彼は勇者だから、

千羊

彼は勇者だから、

 五歳になると、職業ジョブを選べるようになる。

 それは当たり前のことで、私も何にしようかずっと迷ってた。


 職業ジョブは神殿で登録できる。

 五歳の時に表示されるのはいちばん適性のあるもので、歳を重ねると適性のある職業ジョブが増えるから、別にその時に選ばなくてもいい。

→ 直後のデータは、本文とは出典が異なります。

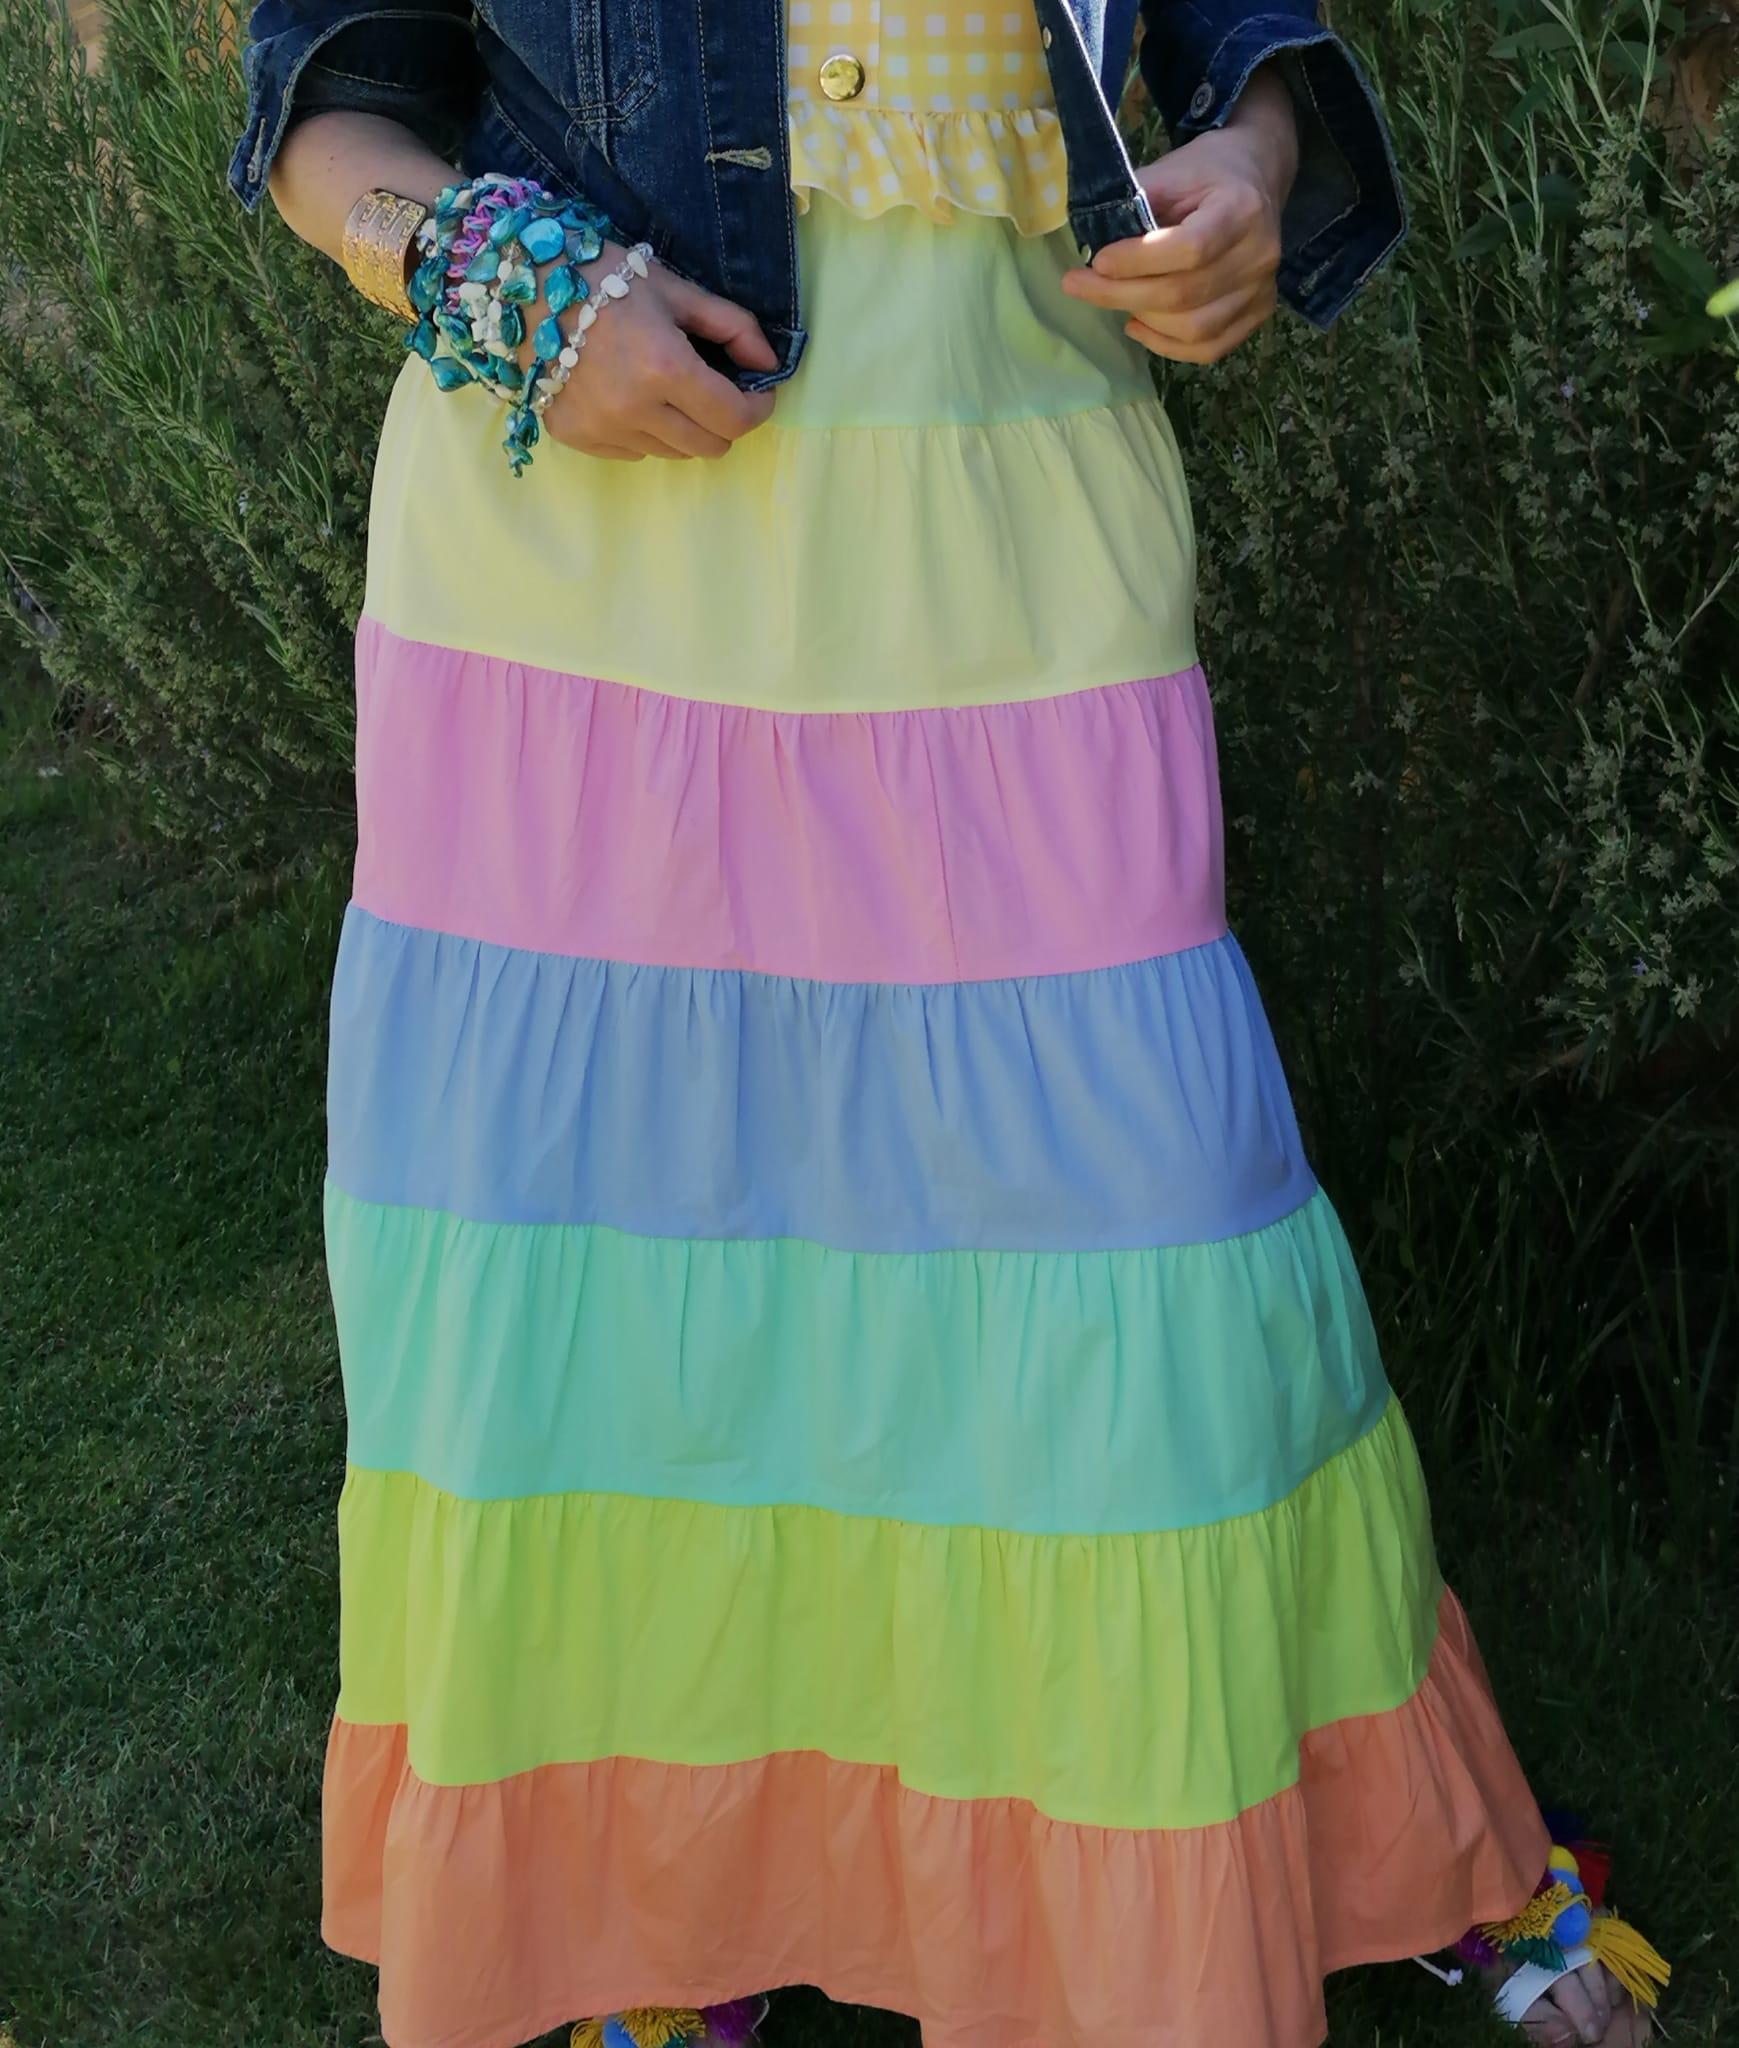 Falda color arcoiris de Pasodoble en Palencia

 転職はまれにみる奇跡の現象だから、みんな結構慎重に選ぶ。


 職業ジョブにはいろんな種類がある。

 剣士。魔術師。癒術士。錬金術師。教師。料理人。針子。細工師。

 戦闘系から職業系まで多岐にわたる。


 平民は職業系を選ぶことが多い。

 やっぱり安定した生活を目指したいからだ。

 平民の中でも戦闘系を選んで、魔物を倒しながら世界をめぐる人もいる。

 まあ、そういうやつはアホだなって思う。


 私の幼馴染もそのアホの一人だった。

 彼はへへっと子供っぽく笑って、魔物を倒して私を守るとかほざいてたけど、私はそんなのいらなかった。

 ただ、そばにいてほしかった。


 職業系の職業ジョブがかっこ悪いと彼は言ったけど、それがないと生活が立ち行かないわけで、私は別にそうは思わなかった。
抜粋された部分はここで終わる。